“好。”
简白没有再说些什么,而是直接转身大步离开。
“亦澈,那我也走了!”水惜音看了亦澈一眼,低低地开口。
“嗯。”亦澈终于将目光移到她的身上,薄唇轻启,“等你快临盆的时候我会回去的。”温柔的声音带着几分微不可察的魅惑。
水惜音脸色顿了顿,“好。”然后拿过放在一旁的披风,系好带子之后深情地看了一眼亦澈,转身离开了水轩,在丫环的侍奉下上了马车。
马车的竹帘落下,马车里面只剩下水惜音一个人的时候,那双历来温雅柔和的眸子在瞬间染上了凛冽和狠厉,残酷的光芒一闪而过。
另一处。
两边是巍峨黛绿连绵不绝的青山,天际流云随风而行,走过一个又一个山头。
一片白云下面,遮挡住太阳的光芒,在这一片地方,覆盖了一层薄薄的阴影。
官道之上,一辆马车不疾不徐地行着。
“如霜,停车!”马车里面传到一道声音,正在外面赶车的绿衣女子一拉缰绳,马车缓缓地停了下来。
“小姐,怎么了?”
尹洛溪伸手将马车车厢的门打开,然后挑开帘子,撑着一只手直接从里面跳了下来,对着如霜轻轻一笑,“坐了一天的马车,出来透透气!”
“对了小姐,在宁佛寺你和晨太妃都说了些什么?”如霜疑惑地问。
尹洛溪看着天际,眸子有几分悠远,“这趟去宁佛寺,我只是传话而已。”而且从刚才时晨月的话语中也可以听出,她知晓会有这一天,并且也一直在等着,弄得自己本来想让她别回宫的劝谏话语都说不出了。
也罢,晨月向来明确地知道自己想要什么,她又何必多说呢!
“传话?”如霜很是惊讶,谁能有那个本事让自家小姐亲自离开渚溪阁传话,眸子一动就想到了那日前来渚溪阁的紫皇陛下,半猜测地问:“小姐,不会是紫皇陛下吧?”
尹洛溪微微颔首,缓缓开口,“他希望晨月回宫。”如霜虽然是下人,却是从小伴着她一起长大,在她眼里,如霜是她的朋友,她的姐妹,所以对于如霜,她从来没有隐瞒,只......除了一件事!
如霜有些惊讶,“那......晨太妃怎么说?”应该不会答应吧?!毕竟当年的事情......
“晨月答应了!”
如霜眼中惊讶之色更甚,晨太妃居然答应了?!
“踏踏踏......”如霜还想再问些什么,远处已经传来了踏踏的马蹄声,便索性没有再问,而是看着远处疾驰的两匹骏马。

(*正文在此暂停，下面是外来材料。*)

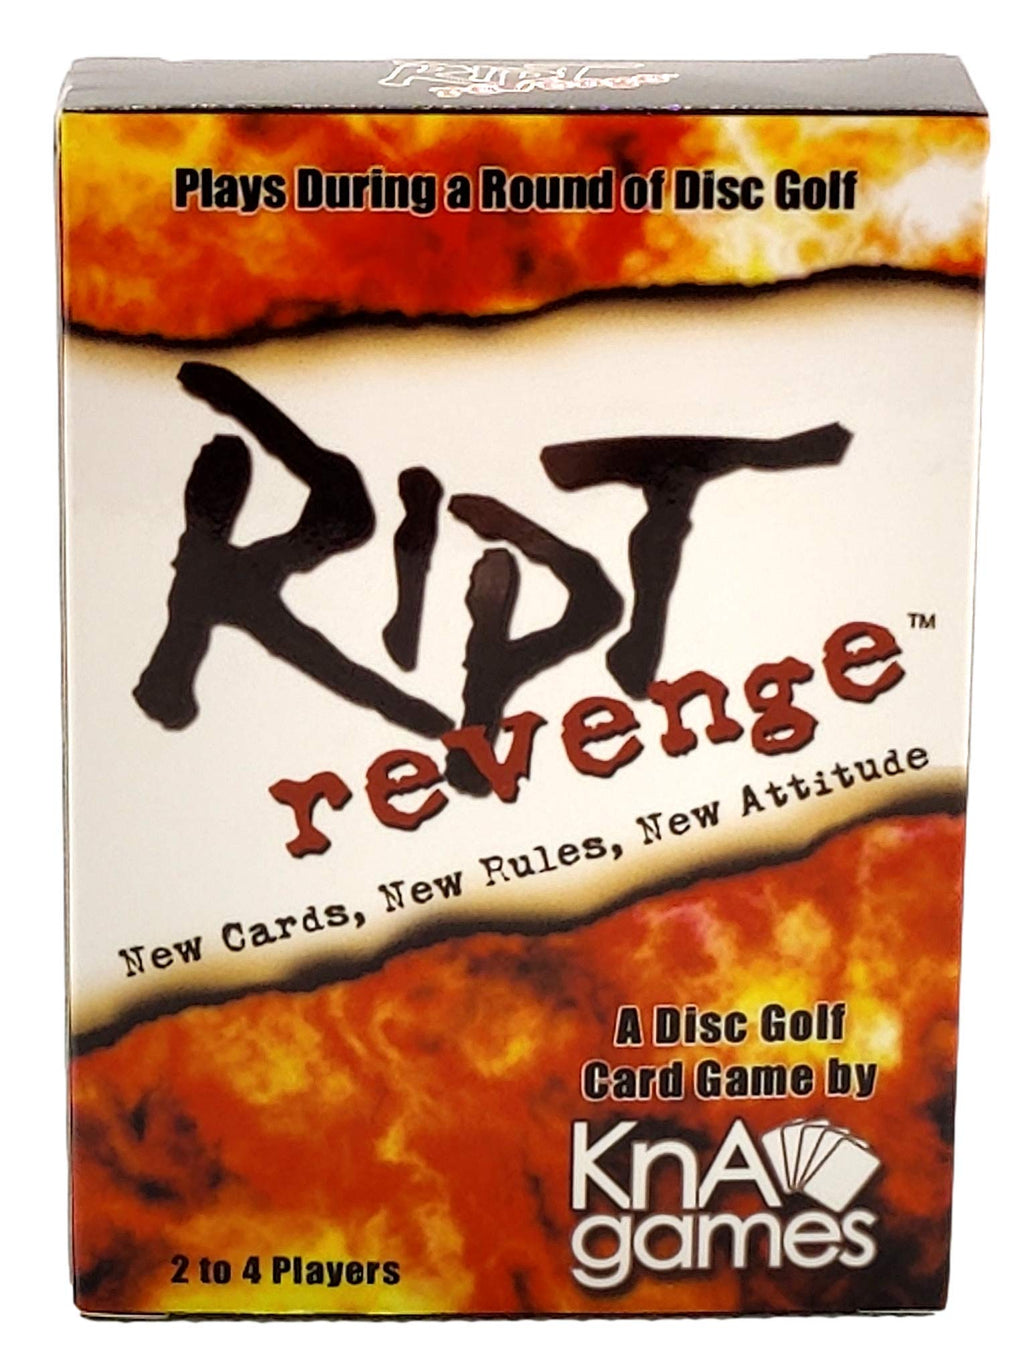 Ript Revenge Disc Golf Card Game | Fun Disc Golf Game | Plays During a Round of Disc Golf | Play for Skins or for Strokes | 2-4 Players | Pack of 52 Cards - BeesActive Australia

马蹄声越来越清晰,甚至可以看到骏马过境,扬起一片灰尘。
尹洛溪抬眸淡淡地看着来人,倒不是因为好奇,而是在这个偏僻的官道之上,确实没有什么是可以令人聚集目光的。
风清持和莯流一路疾驰,本来是打算直接离去的,但在看见尹洛溪的时候风清持眸中触动太大,等她反应过来已经拉着缰绳停下来了。
莯流自然也紧随她停了下来。
尹洛溪没有料到对方会停下来,此刻深沉的眼眸也有些诧异。
风清持坐在马上,尹洛溪坐在路旁的干净大石上。
一个微微侧目,一个稍稍抬头。
四目相对。
一个凤目里面一片深沉,情绪激动而又压抑,一个眼睛里面带着打量,目光陌生而又诧异。
此刻,她与她是多年知己好友,她与她是过道偶遇路人。
莯流和如霜都是静静地看着二人,有些惊讶,有些疑惑,却都没有开口讲话,任这一幕静静地继续着。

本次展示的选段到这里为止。